The CPV are expanded by a double summation of the unknown coefficients \(A_n^m\) and \(B_n^m\),

$$\begin{aligned} g_f(\alpha )\cdot h_f(\zeta ) = A_0^0 + \sum _{n=1}^{n_{\text {max}}} \sum _{m=1}^{m_{\text {max}}} \left\{ A_n^m \, C_n^m(\alpha ,\zeta ) + B_n^m \, S_n^m(\alpha ,\zeta )\right\} . \end{aligned}$$
(3)

with the maximum degree \(n_{\text {max}}\) and order \(m_{\text {max}}\) of the spherical expansion. The coefficients \( C_n^m(\alpha ,\zeta )\) and \(S_n^m(\alpha ,\zeta )\) are defined by the products of sine and cosine and the associated Legendre functions \(P_{n}^m\),

$$\begin{aligned} \begin{Bmatrix} C_{n}^m(\alpha ,\zeta )\\ S_{n}^m(\alpha ,\zeta ) \end{Bmatrix} = P_{n}^m(\cos \zeta ) \cdot \begin{Bmatrix} \cos m \alpha \\ \sin m \alpha \end{Bmatrix}. \end{aligned}$$
(4)

An optimal set of SH coefficients \(A_n^m\) and \(B_n^m\) has to be estimated. The final solution of the estimation process (the CPV pattern) is determined by a SH synthesis.
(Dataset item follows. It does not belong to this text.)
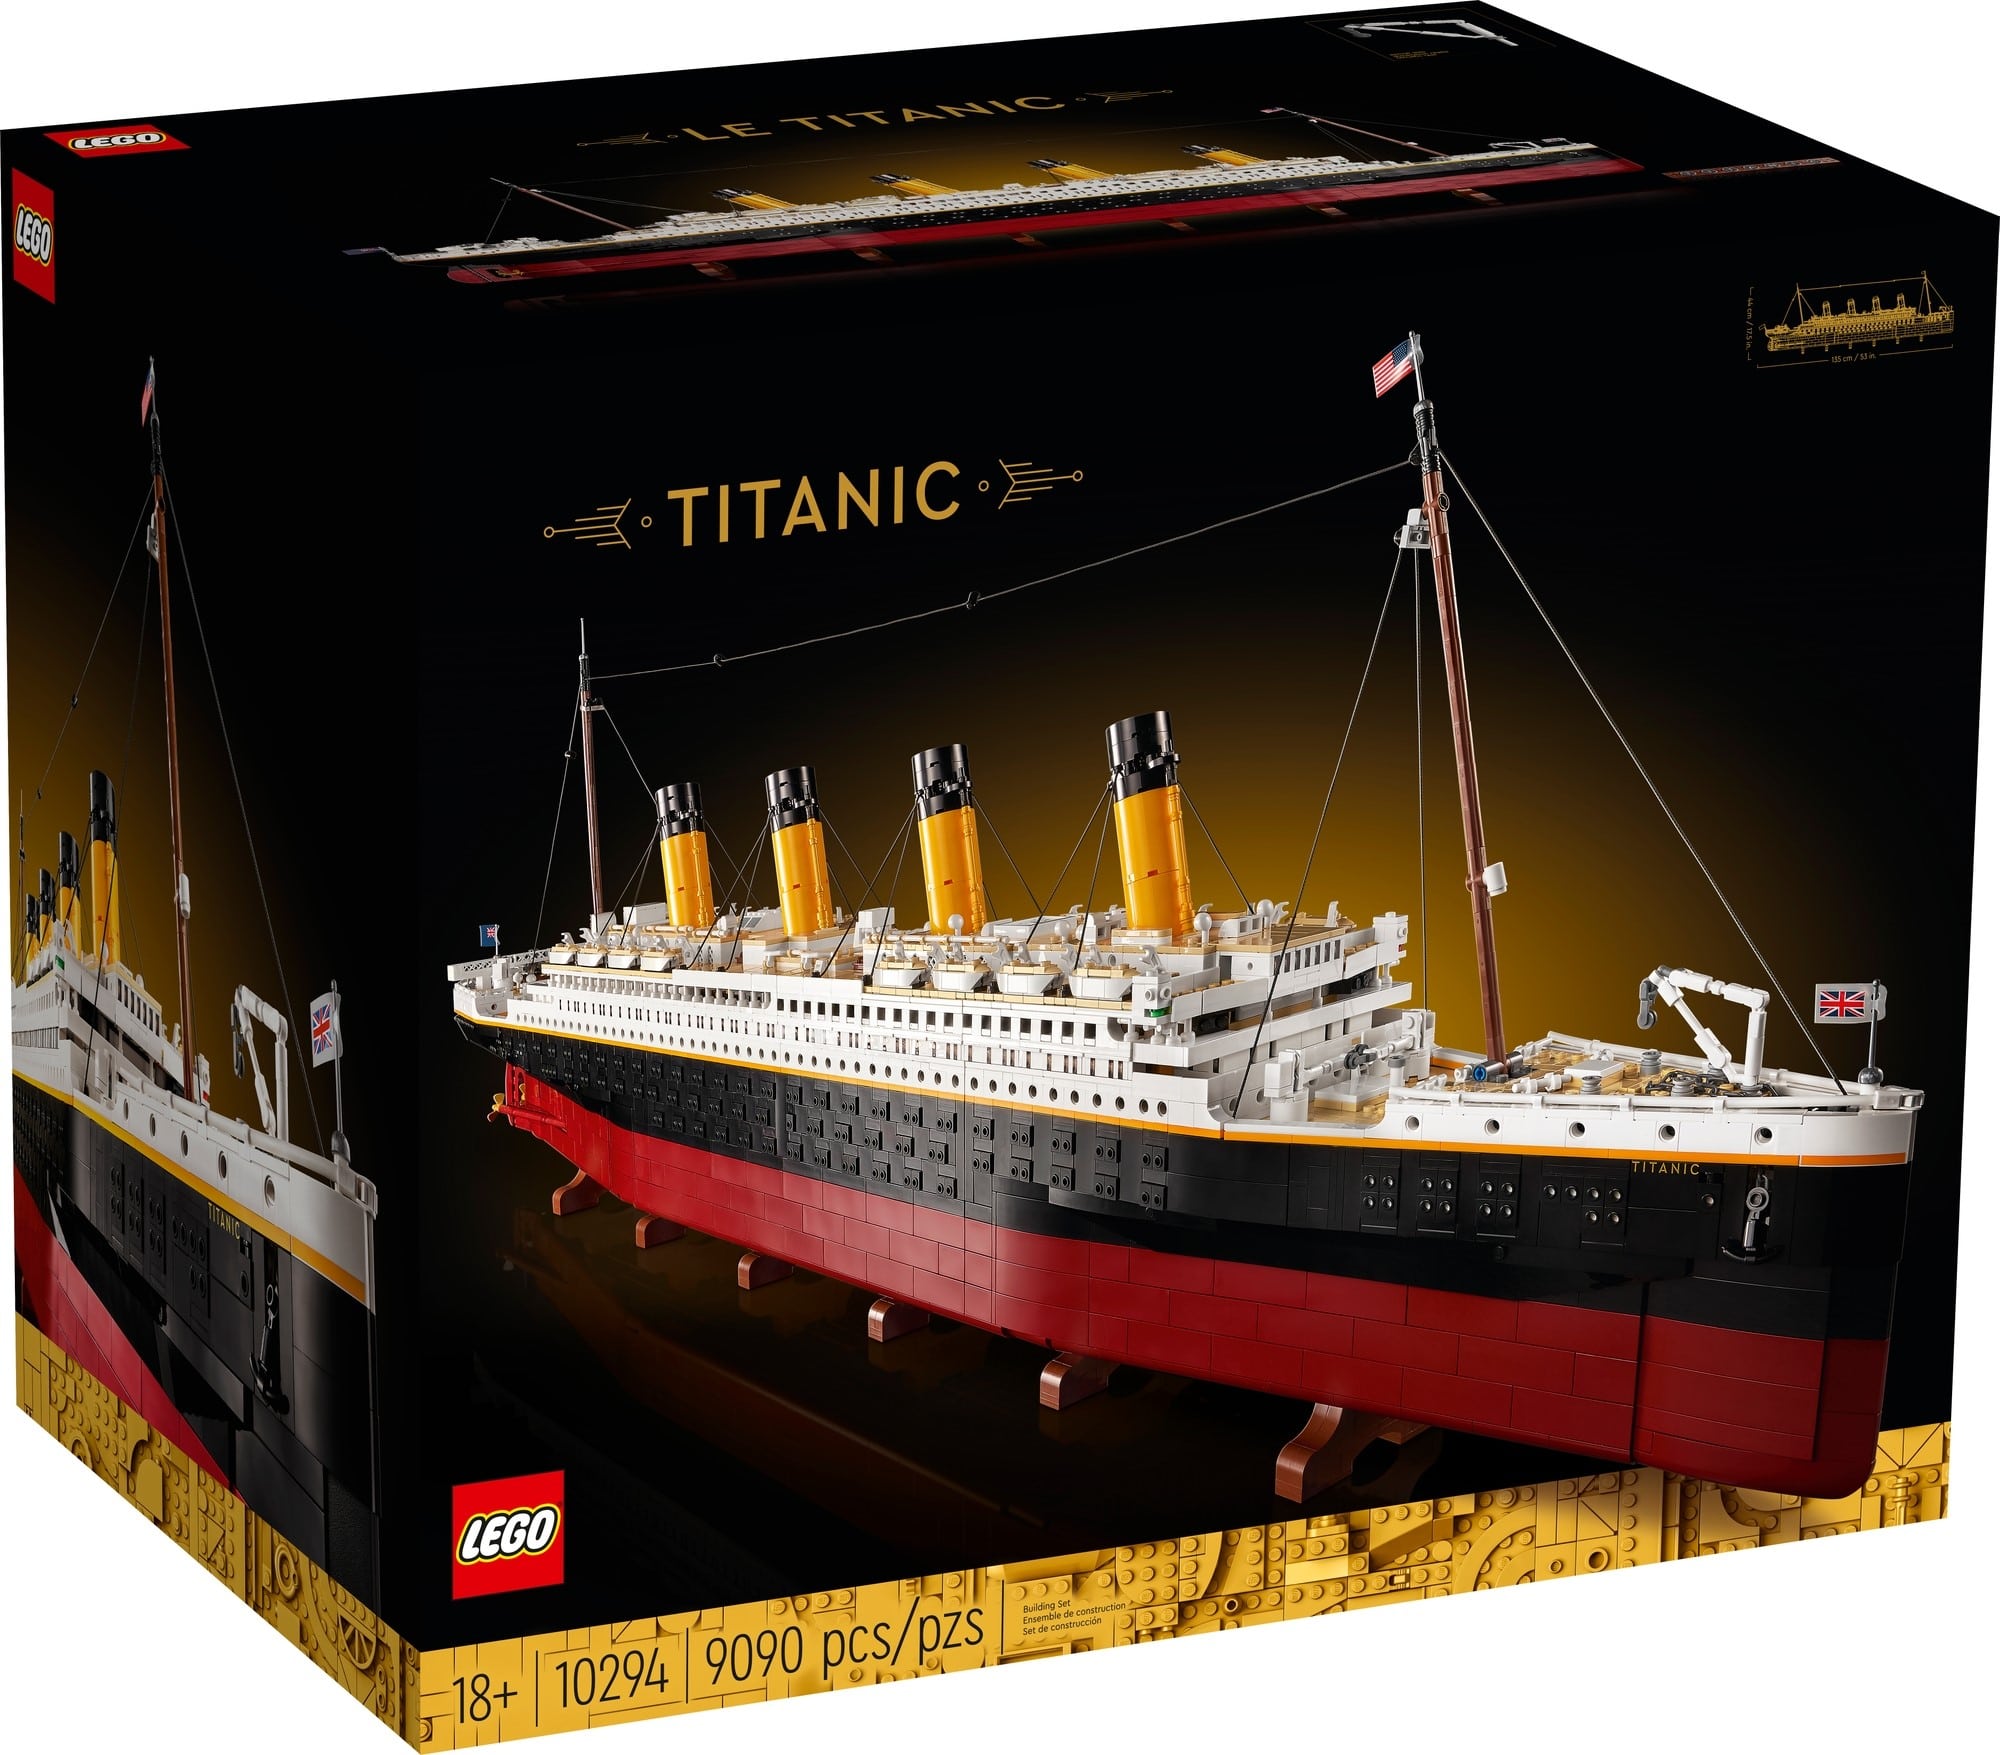 LEGO Creator Expert 10294 Titanic 2

2.3 Modelling the code phase observations

The CPV are estimated in a least-squares adjustment with time-differenced receiver-to-receiver single differences (RRSD) from a very short baseline (approx. 7 m distance) being the observations. The antenna under test is installed at one endpoint A of the baseline on a robot that can rotate and tilt the antenna in a fixed point. The second endpoint B is static.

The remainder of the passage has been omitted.